### Your objective
An exact copy of the data is required; the images should not appear in it.

### Source material
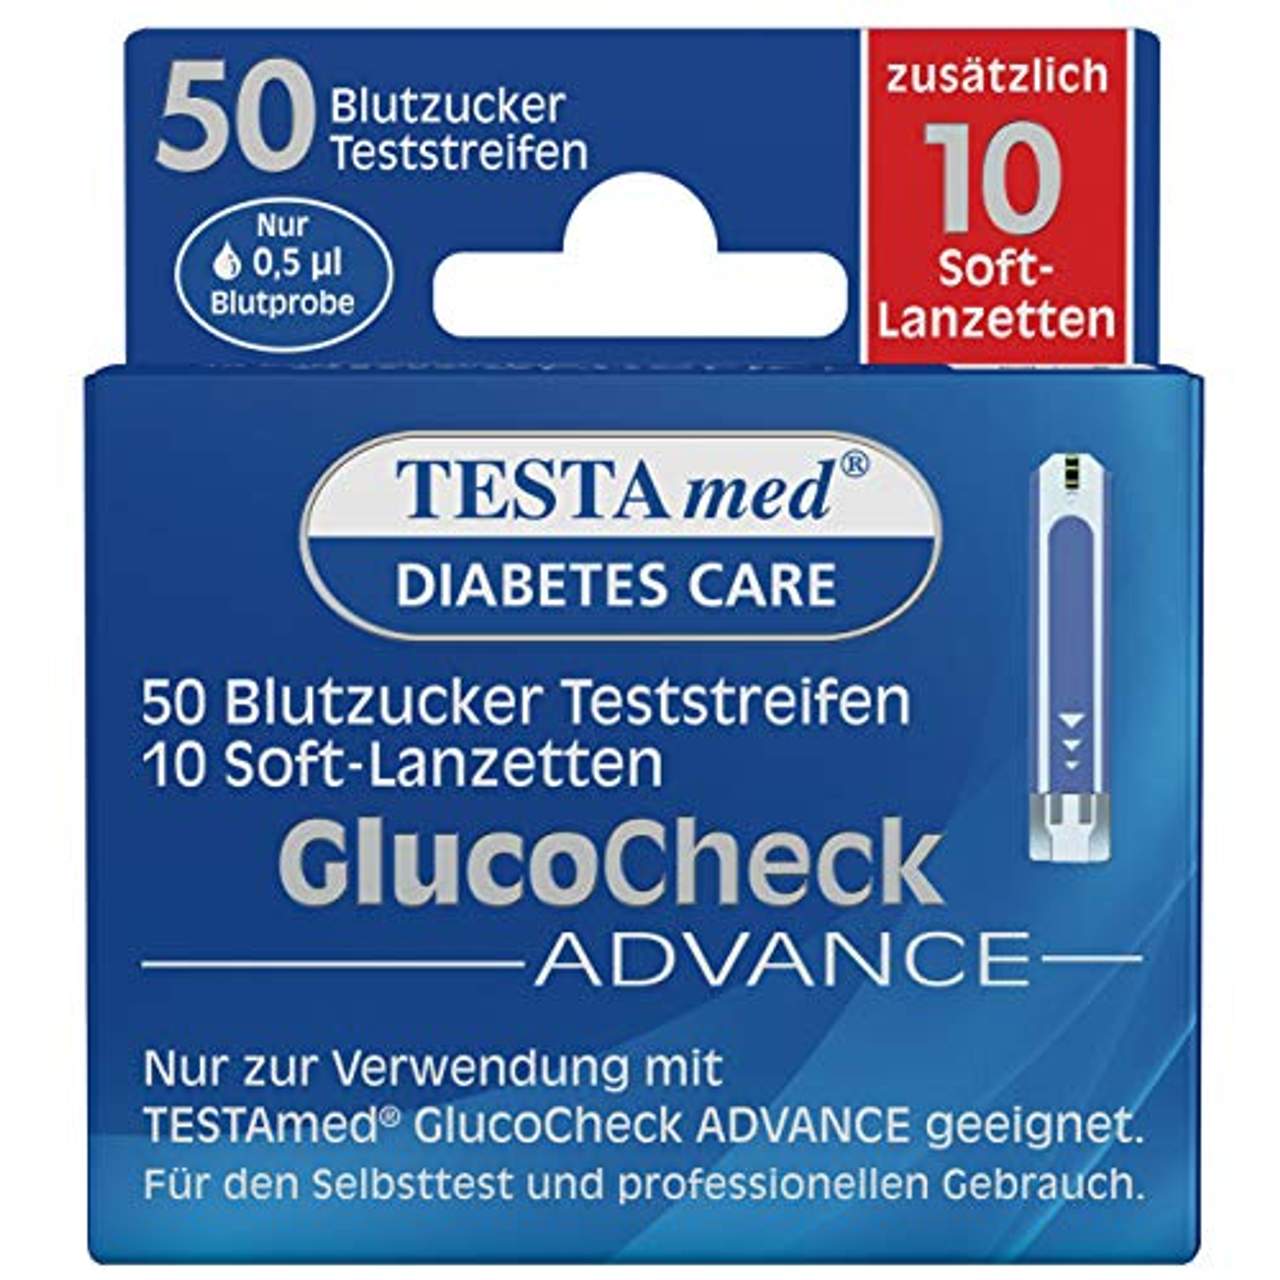 TESTAmed GlucoCheck Advance Blutzuckerteststreifen plus Soft-Lanzetten
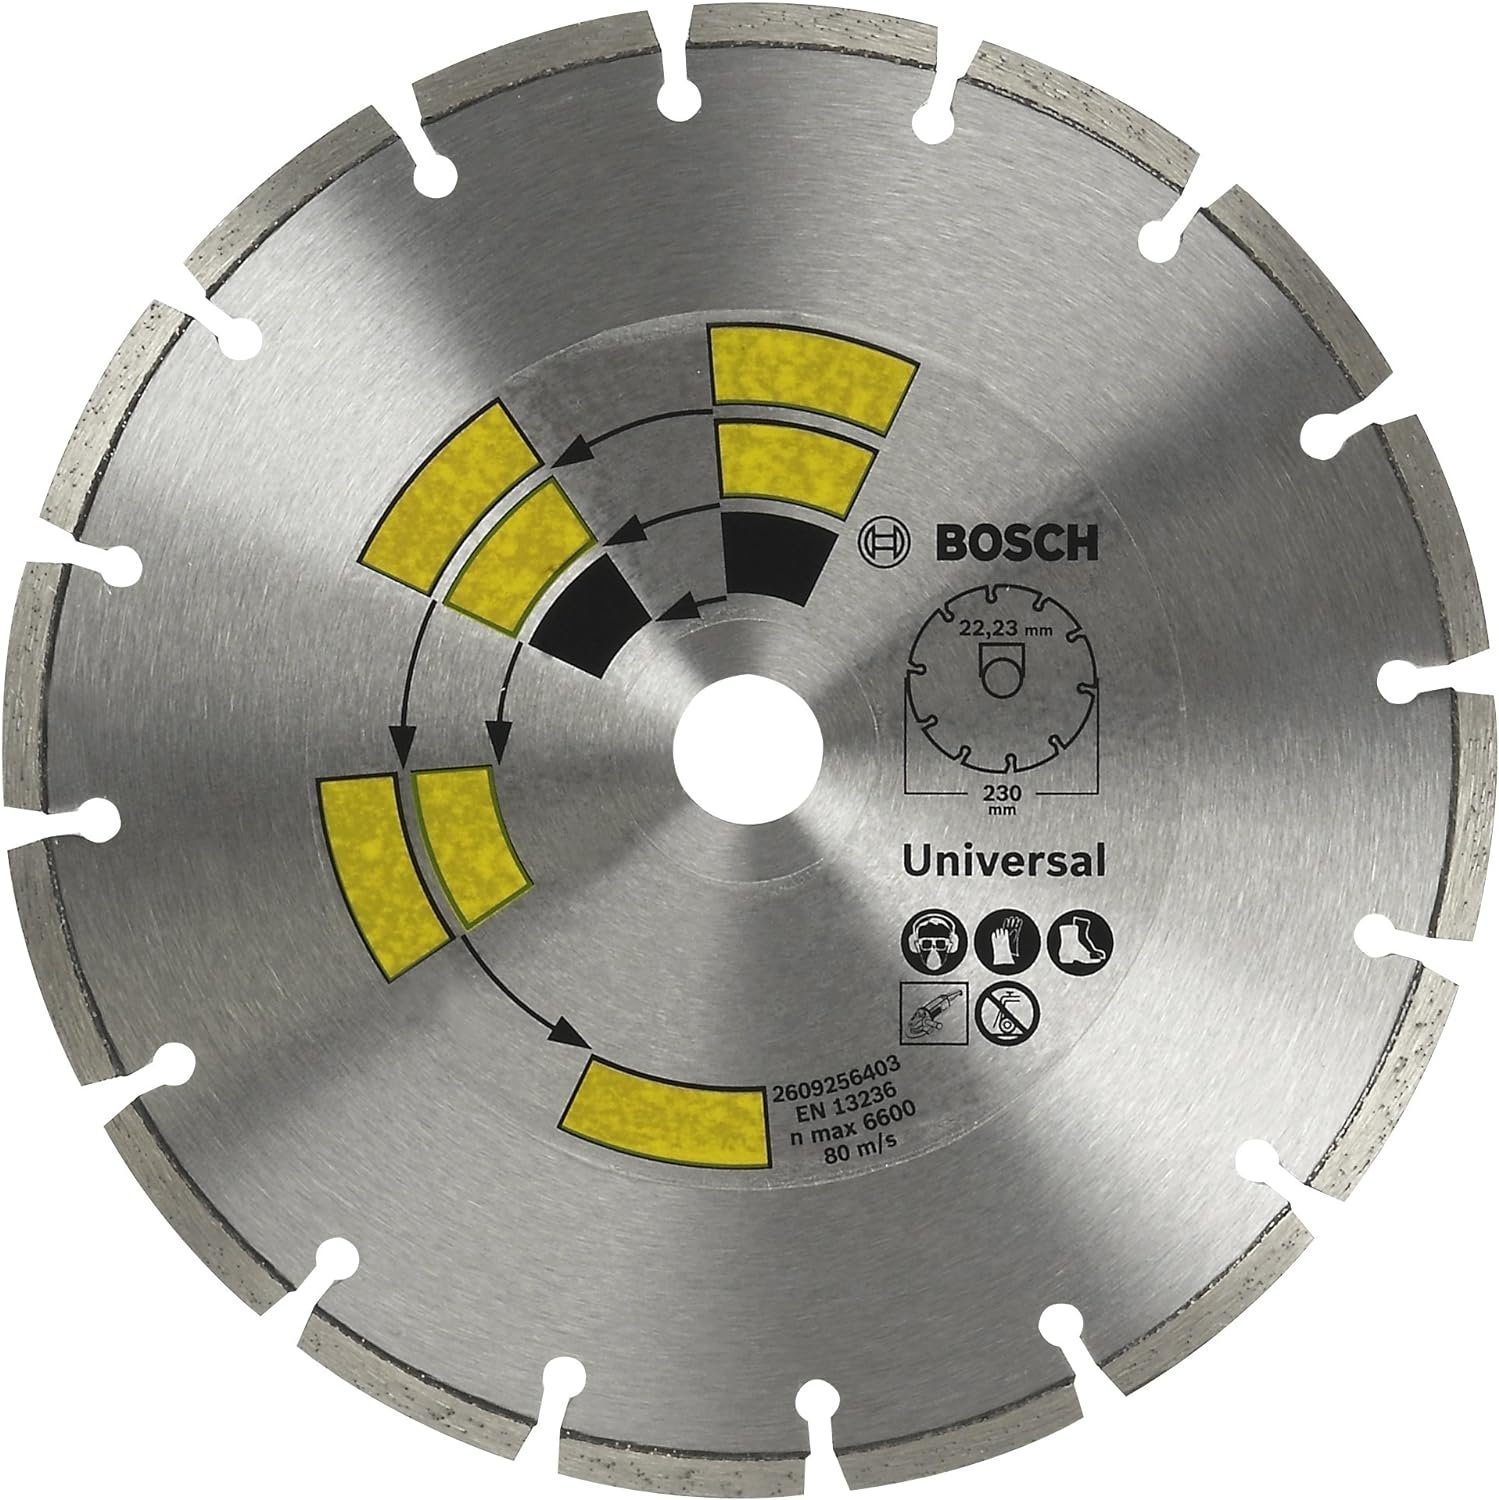 BOSCH Bohrfutter Bosch 2609256403 Diamanttrennscheibe Universal Turbo Top Allzweck
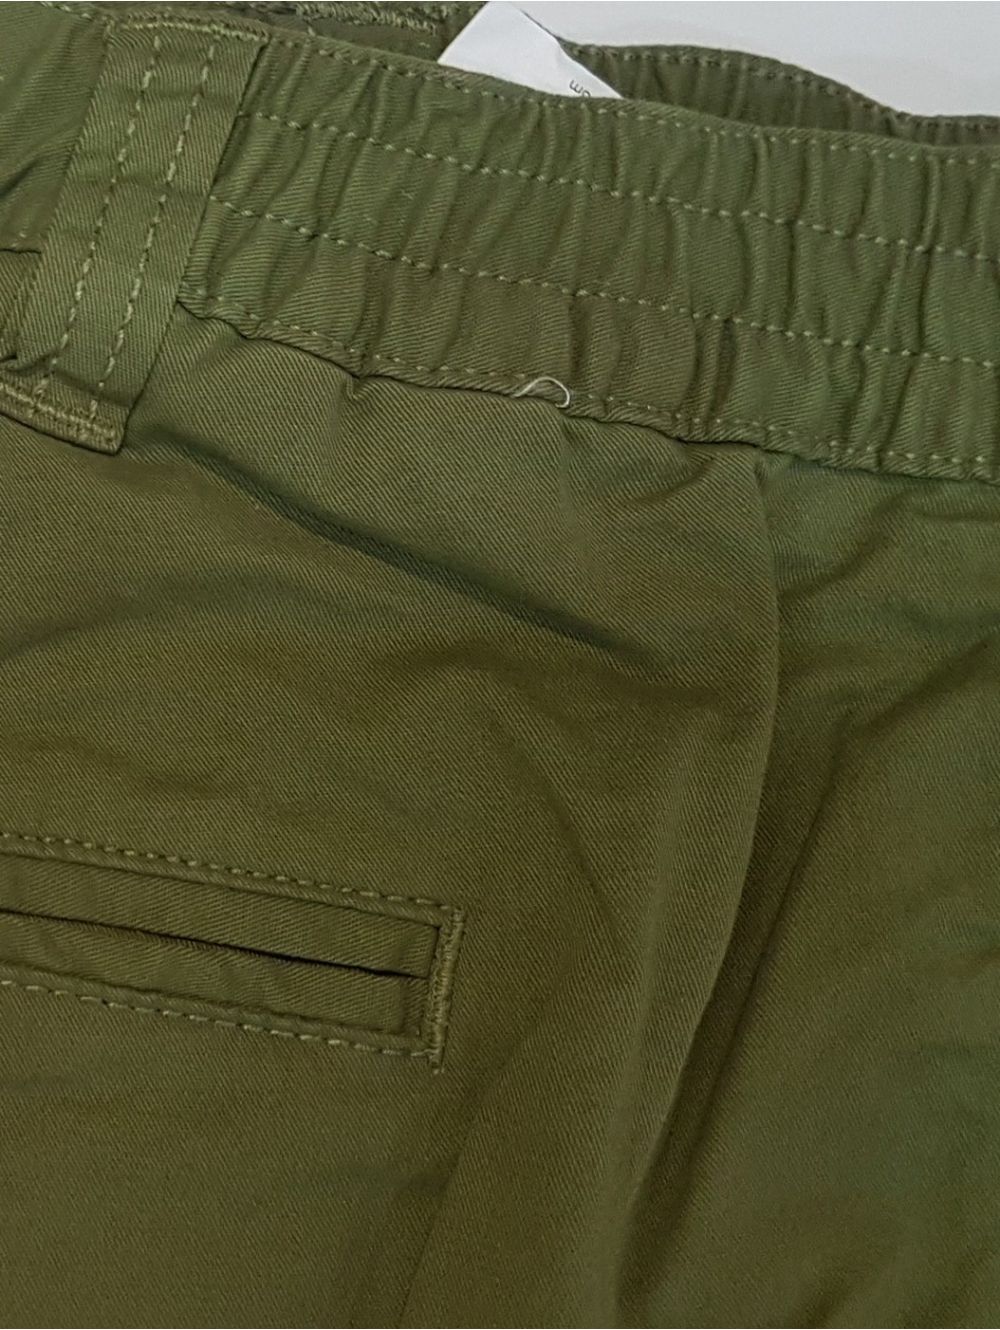 LUIGI MORINI Men's olive classic cargo shorts 38-4263 / 43 ...

### Completed task
 TESTAmed GlucoCheck Advance Blutzuckerteststreifen plus Soft-Lanzetten
 BOSCH Bohrfutter Bosch 2609256403 Diamanttrennscheibe Universal Turbo Top Allzweck
 LUIGI MORINI Men's olive classic cargo shorts 38-4263 / 43 ...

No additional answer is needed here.